Images show several pillars within the Carina Nebula, observed & studied with MUSE on ESO’s Very Large Telescope. The massive stars within the star formation region slowly destroy the pillars of dust and gas from which they are born. Credit: ESO/A. McLeod

Dr Anna McLeod from the University of Canterbury will explore how the largest stars in our universe reshape their surroundings, and even trigger the formation of new stars

Published 2 November 2017

McLeod

Dr Anna McLeod. Photo provided

No star is an island. Stars are not isolated systems that live their lives without interacting with their surroundings. This is particularly the case for the most massive stars―which are stars greater than eight times the mass of our own sun. Throughout their life these huge stars ‘feedback’ into their surroundings by emitting massive amounts of ultraviolet radiation and belching super strong winds, ionizing and heating everything around them. Even in death, they are spectacular; creating a massive explosion called a supernova that can both trigger and suppress the formation of other stars in the neighbourhood.

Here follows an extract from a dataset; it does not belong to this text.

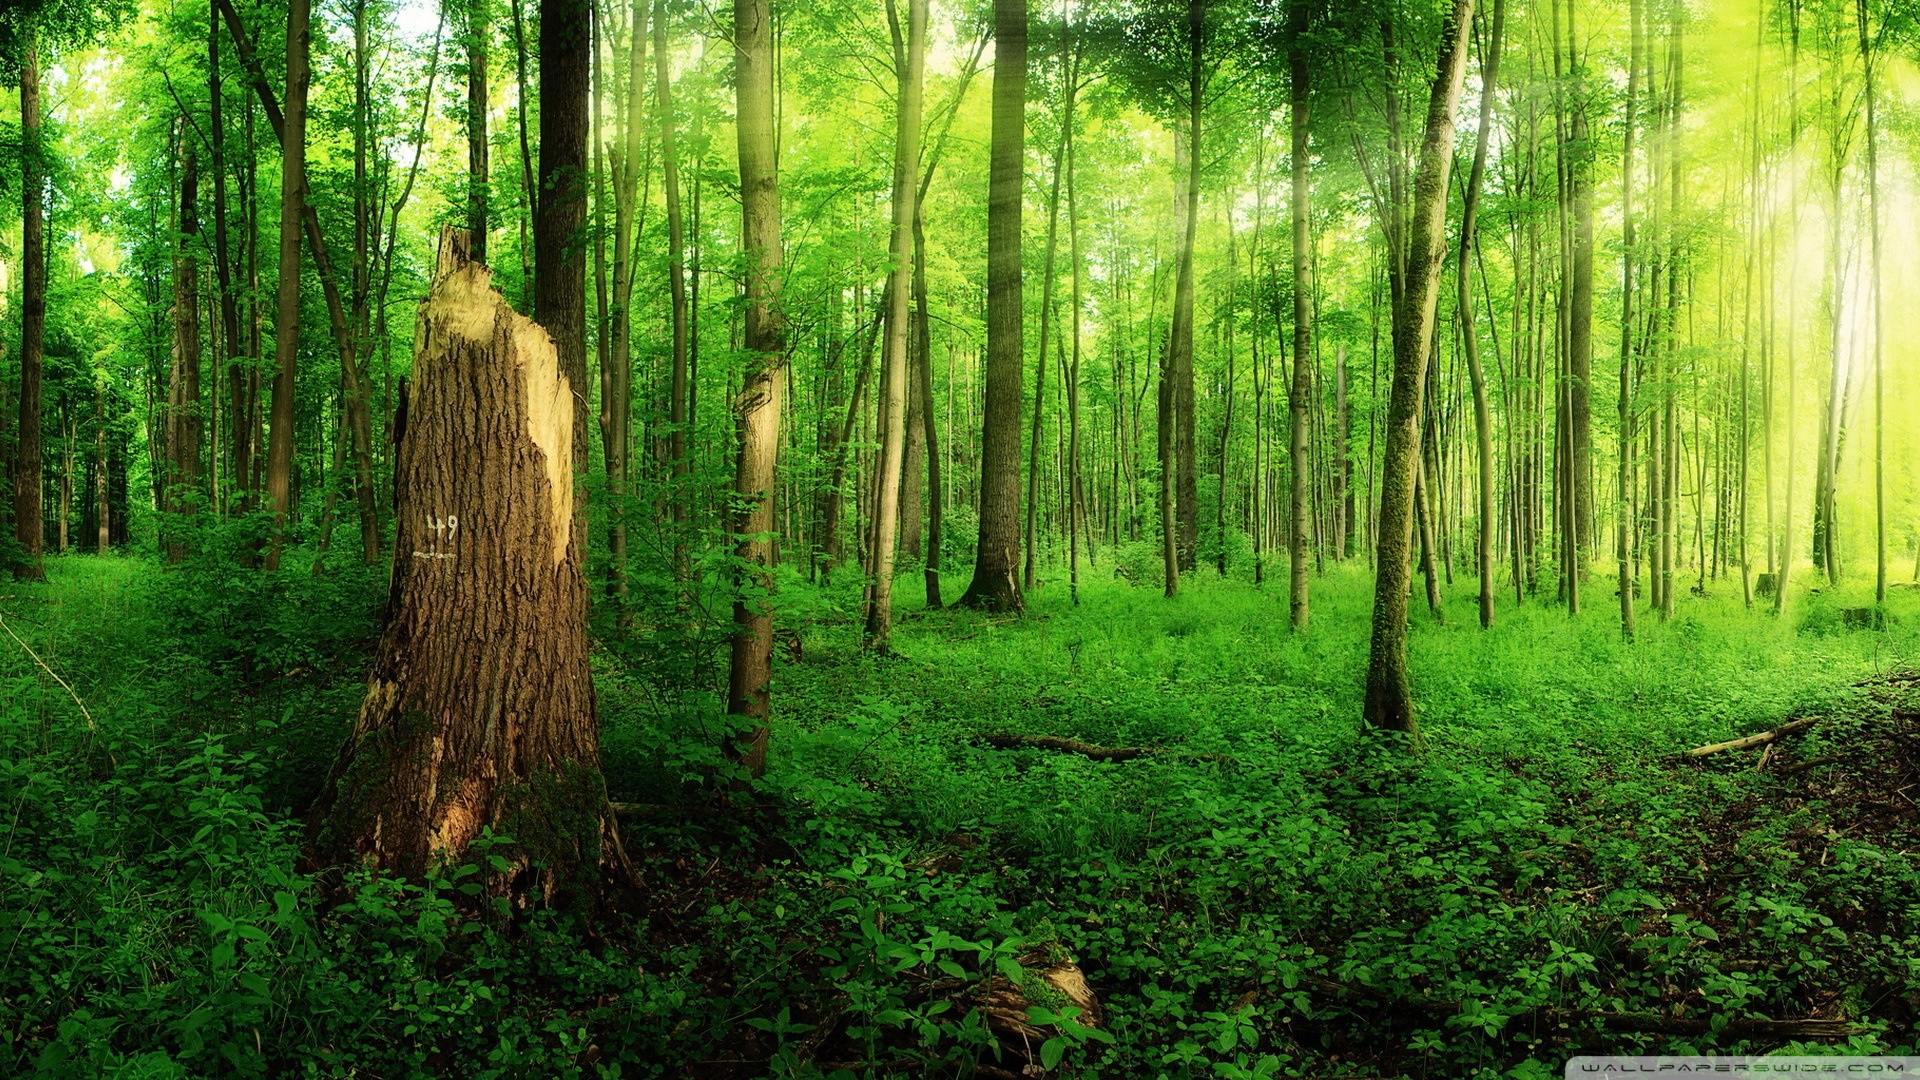 高清晰大自然绿色树林风景桌面壁纸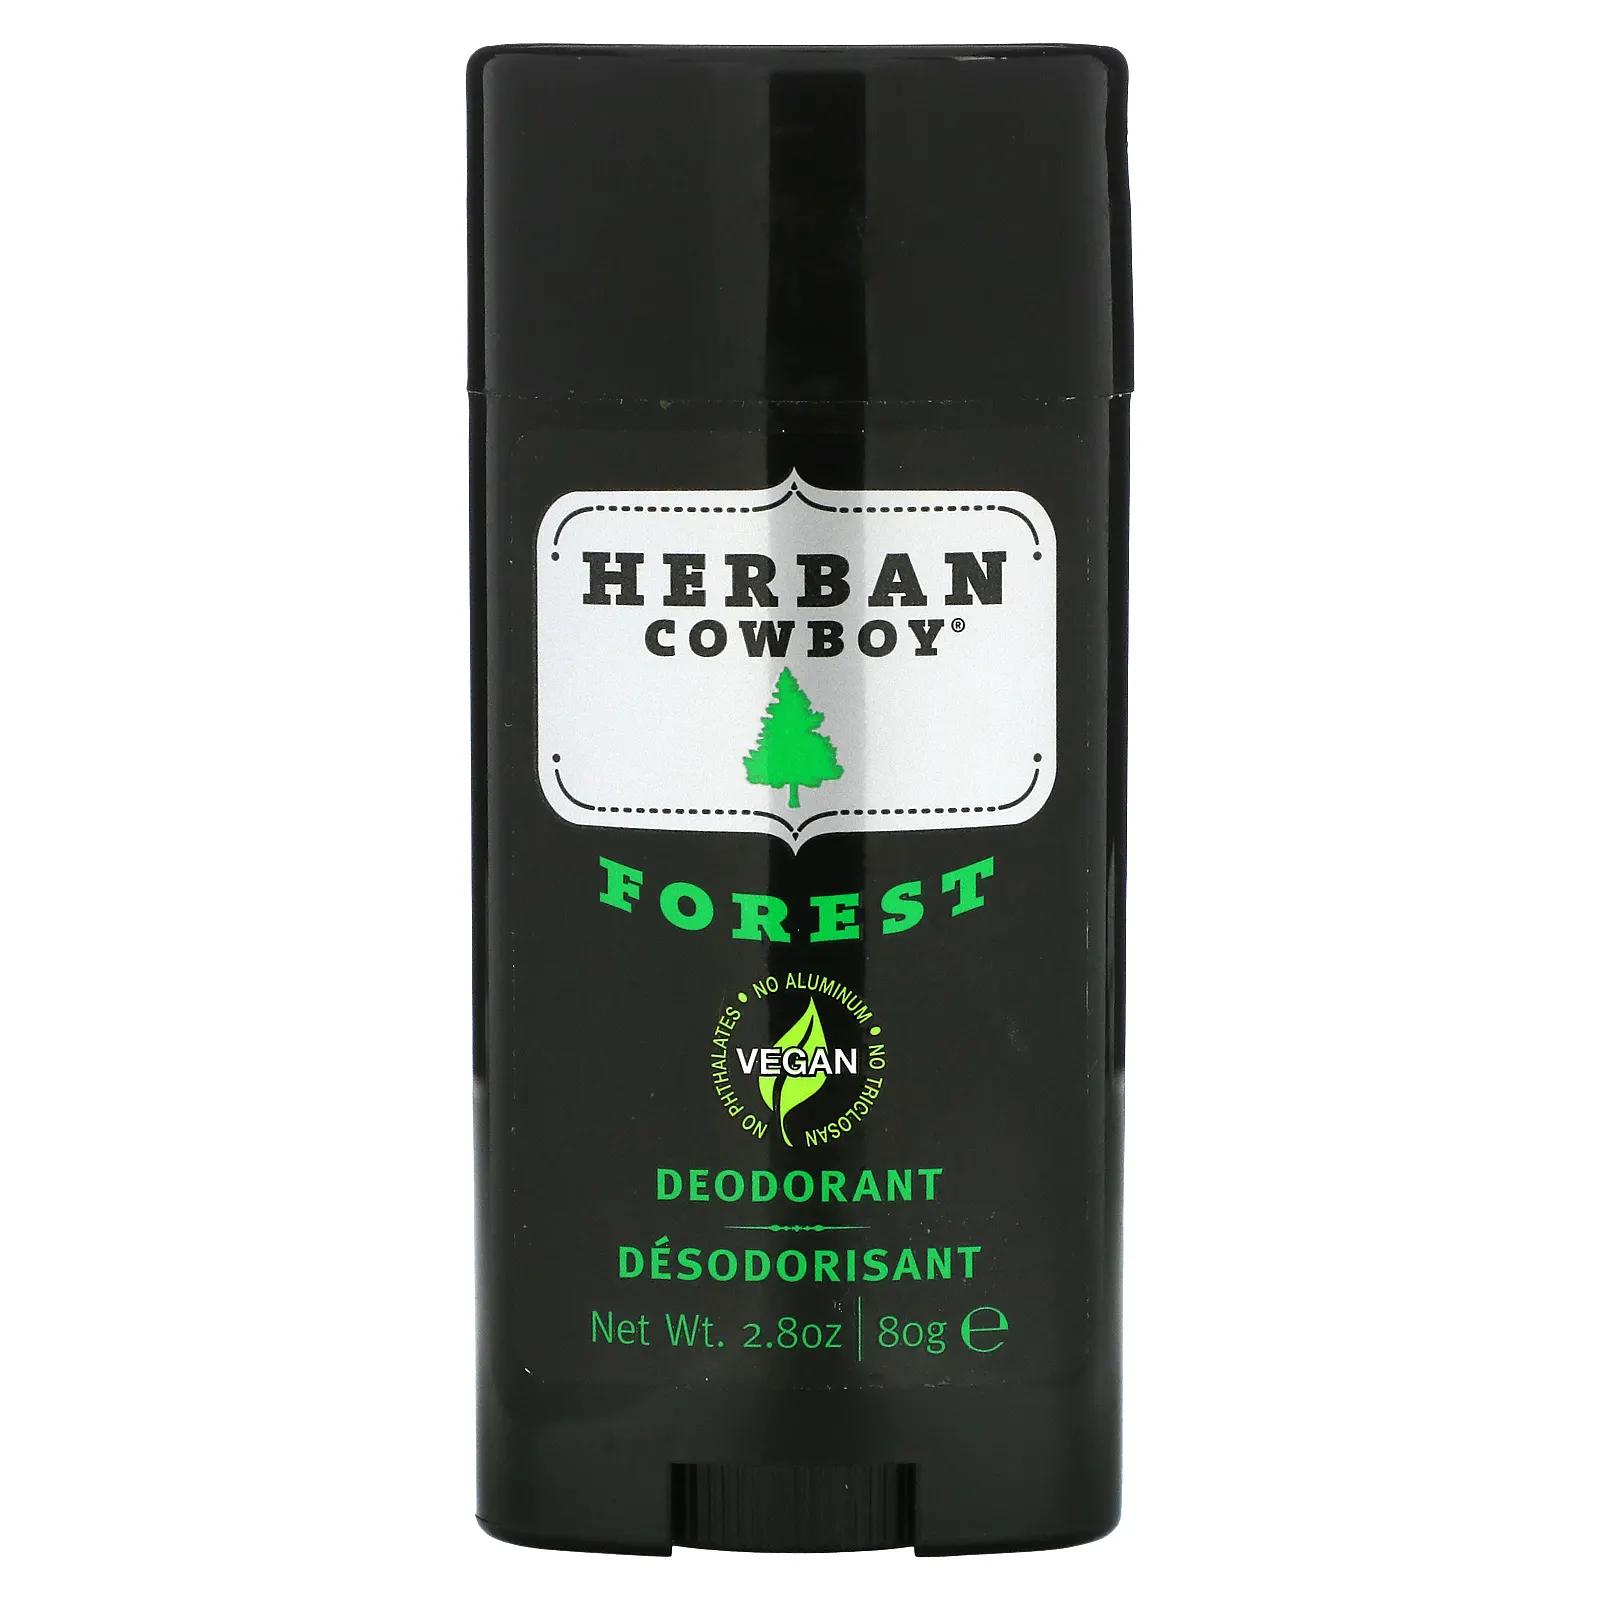 Herban Cowboy Forest дезодорант с максимальной защитой 80 г herban cowboy пилированное мыло запах леса 5 унц 140 г

The physics of massive star formation and the redistribution of mass, energy, and metals throughout the stars’ lifecycle, are the missing ingredients required to connect the galaxies that we observe today to models of galaxy evolution.

Dr Anna McLeod, from the University of Canterbury has been awarded a Marsden Fund Fast-Start grant to study the feedback from massive stars. With researchers from Germany and the United Kingdom, she will determine how these stars regulate the formation of other stars, and hence the development and growth of galaxies.

Using some of the newest and largest telescopes in the world, Dr McLeod will describe the features of several massive stars. She will dissect nearby galaxies into tiny regions and obtain high-quality spectra for each, thereby gaining valuable insights into massive star feedback in action.

Findings from this study will provide the observational platform needed to significantly advance our understanding of one of the most important astrophysical processes in the universe.